血糖値が高くなると脳下垂体機能亢進症になりやすい?

高血糖が続くことで恐いのは糖尿病になることだけではなく、それに関連した合併症や余病にかかることでもあります。

糖尿病に関連した合併症や余病はとても多く、やけどや敗血症をはじめ、悪性腫瘍、冠動脈疾患、脳炎、肝疾患、甲状腺機能亢進症、関節炎、多発性硬化症、副腎質機能亢進症、脳下垂体機能亢進症などがあります。どれも重大な病気ばかりですが、ここでは脳下垂体機能亢進症について考えてみたいと思います。

脳下垂体機能亢進症とは

脳下垂体機能亢進症も糖尿病の余病の一つですが、この病気は下垂体の過形成によるホルモン異常によって起こるものであり、さまざまな病状を呈するのが特徴です。

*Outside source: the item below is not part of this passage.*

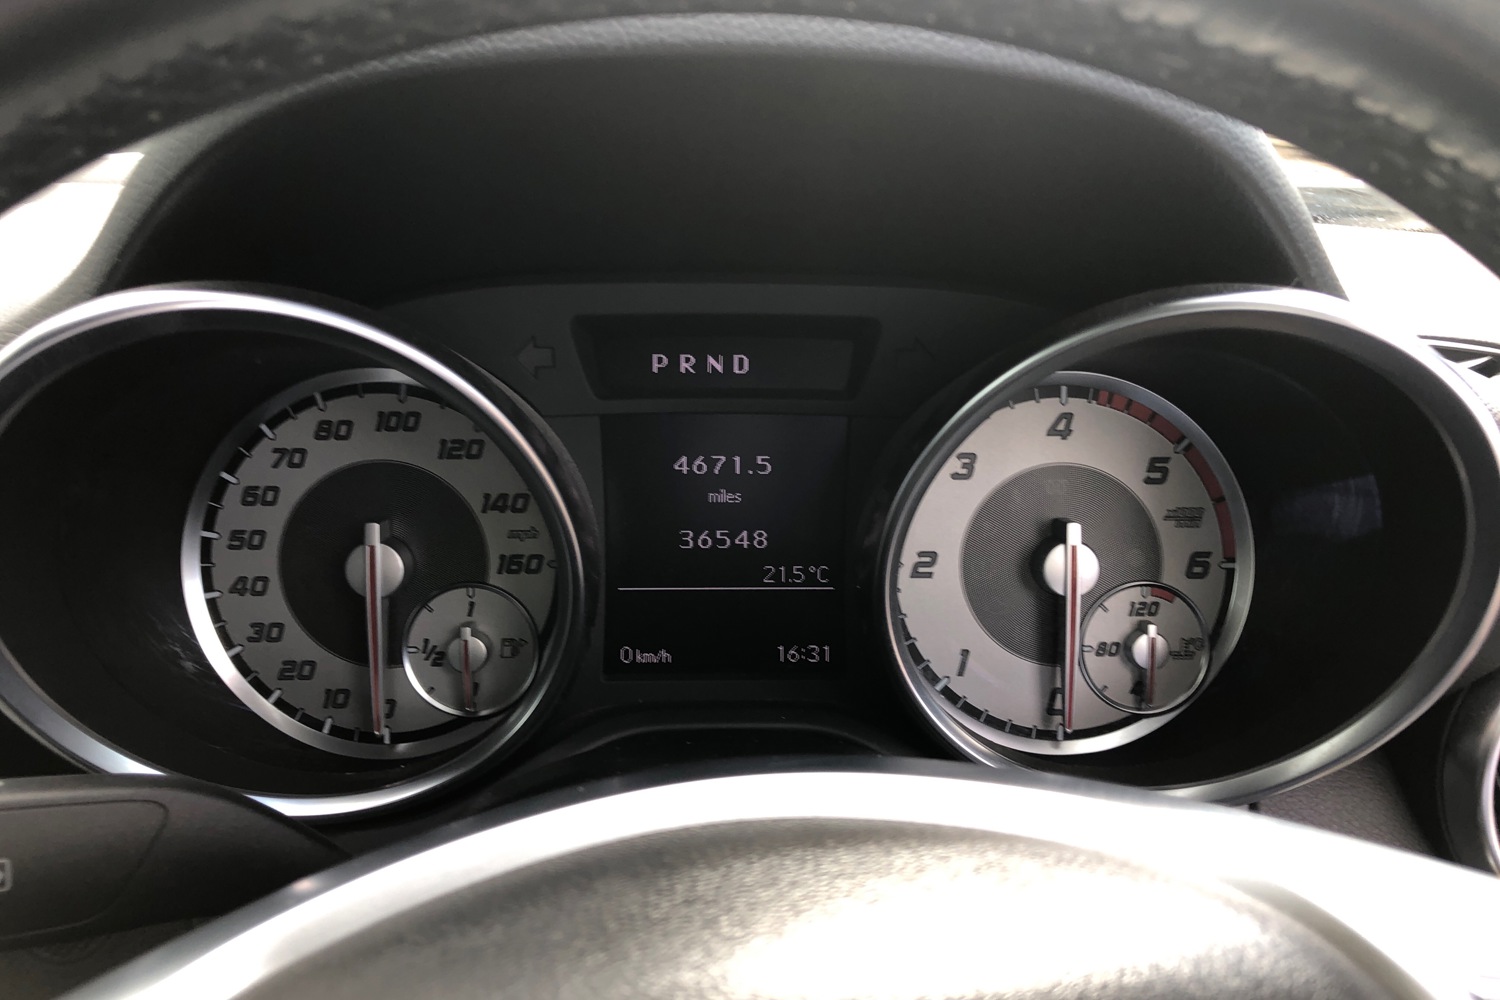 Mercedes SLK R171 lights on speedometer repair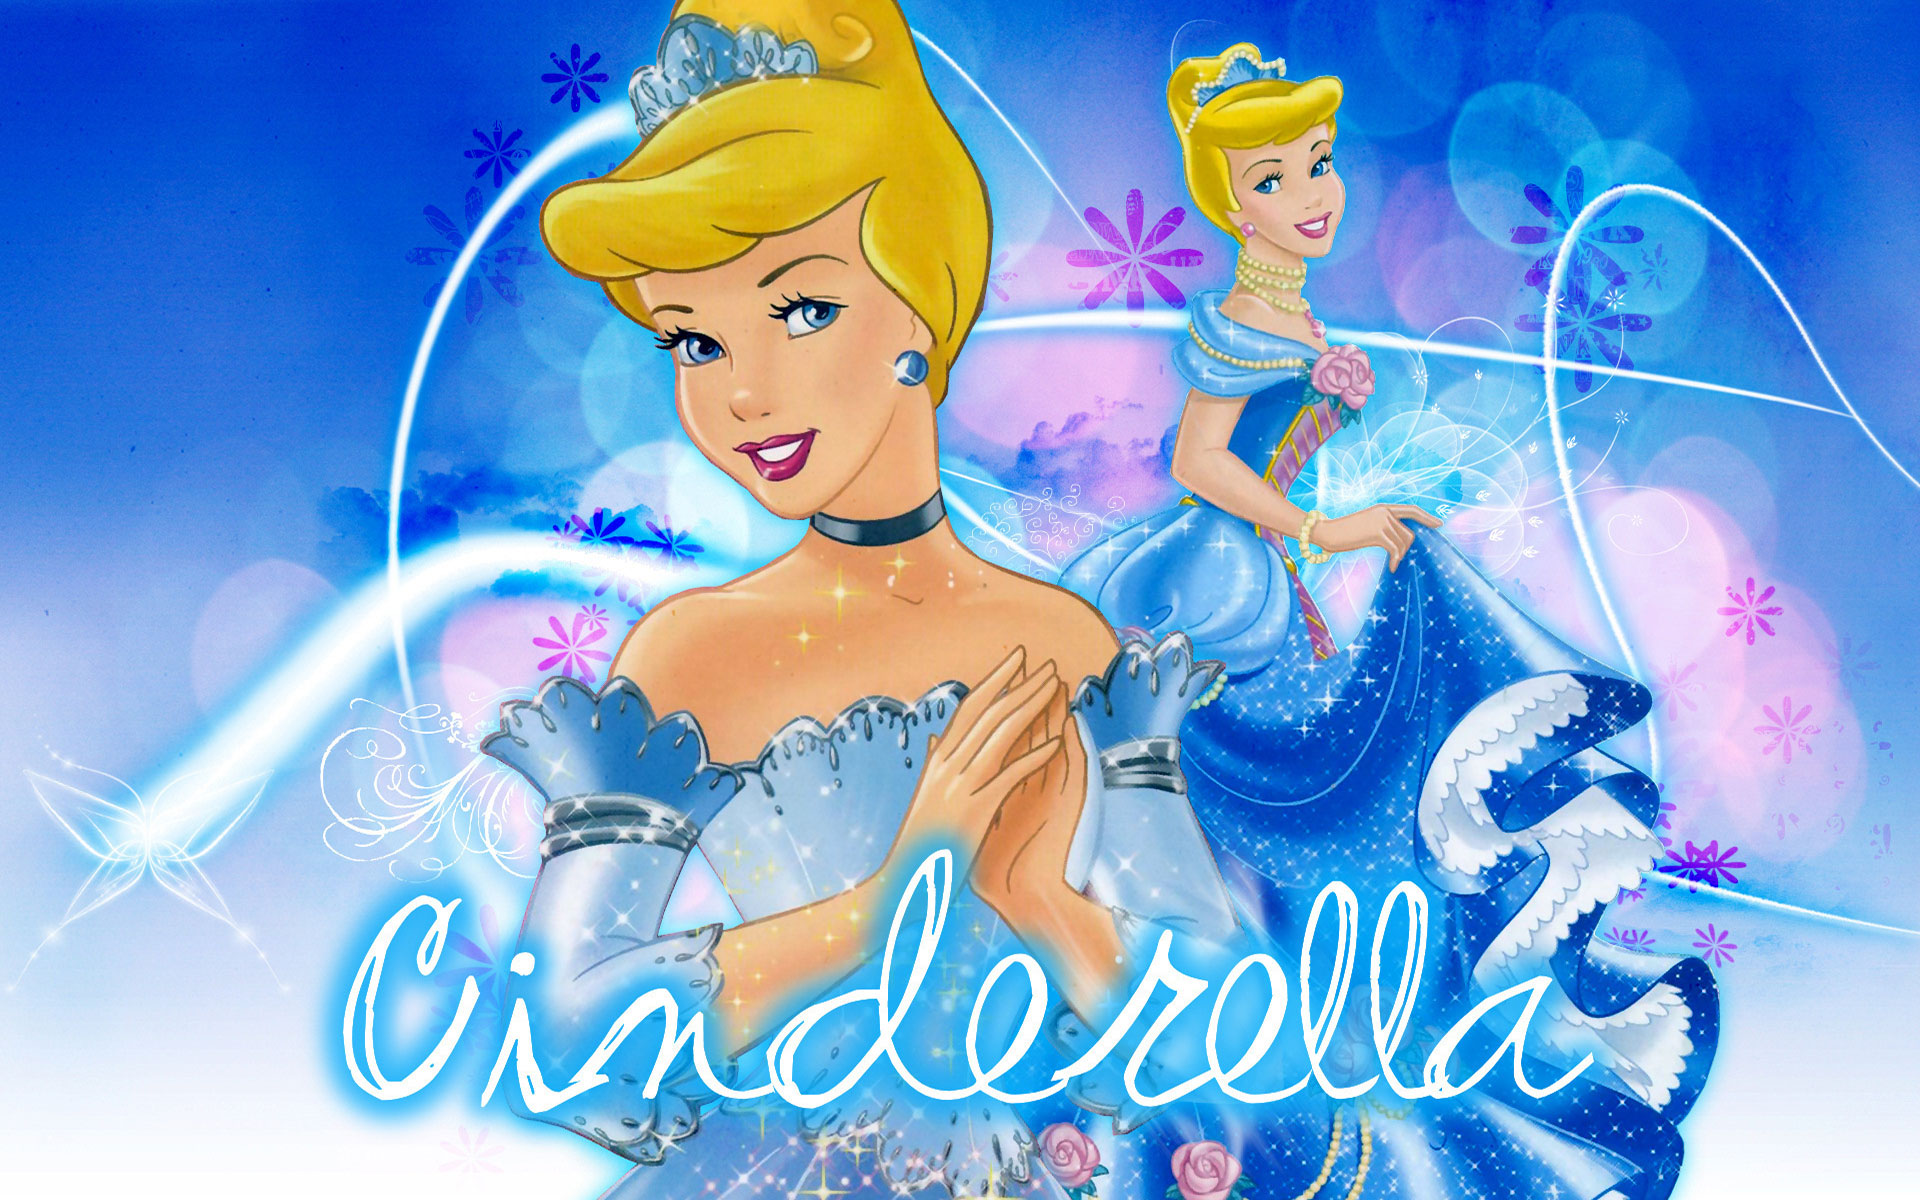 Cinderella  Cinderella art Cinderella wallpaper Cinderella

この病気の恐ろしいところはホルモン異常が発生することであり、それによって集中力が低下したり、成長障害が起こったり、授乳中の乳汁分泌低下などが起こります。

いずれも支障が大きい病状なので、脳下垂体機能亢進症にならないためにも、血糖値を正常化させて糖尿病を改善する必要があります。ではどうすれば血糖値を抑えられるのか、その点について考えてみましょう。

血糖値を抑えて脳下垂体機能亢進症を予防する方法

血糖値を抑えるための一つの方法はカロリー制限を行うことですが、これは適切な食事療法によって行うことができます。適切な食事療法は、炭水化物を抑えた食事を行い、代わりに食物繊維を多く摂るようにすることです。加えて、早く食べるのをやめ、時間をかけてゆっくり、またよく噛んで食べるようにします。

食物繊維を含んだ食品にはかぼちゃ、ごぼうなどがありますが、血糖値を抑える効果をもつのは食物繊維だけではなく、ミネラルの一種であるクロムを含んだ食品もあります。クロムを含んだ食品は、玄米、ブロッコリー、ひじき、キノコ類、ナッツ類などです。

こうした血糖値を抑える食品を摂り入れた食事療法はとても有効なので、ぜひ継続して行っていきましょう。ただし、高血糖状態に応急処置的に対応するために、α-グルコシダーゼ阻害薬などを用いた薬物療法が必要になる場合もあります。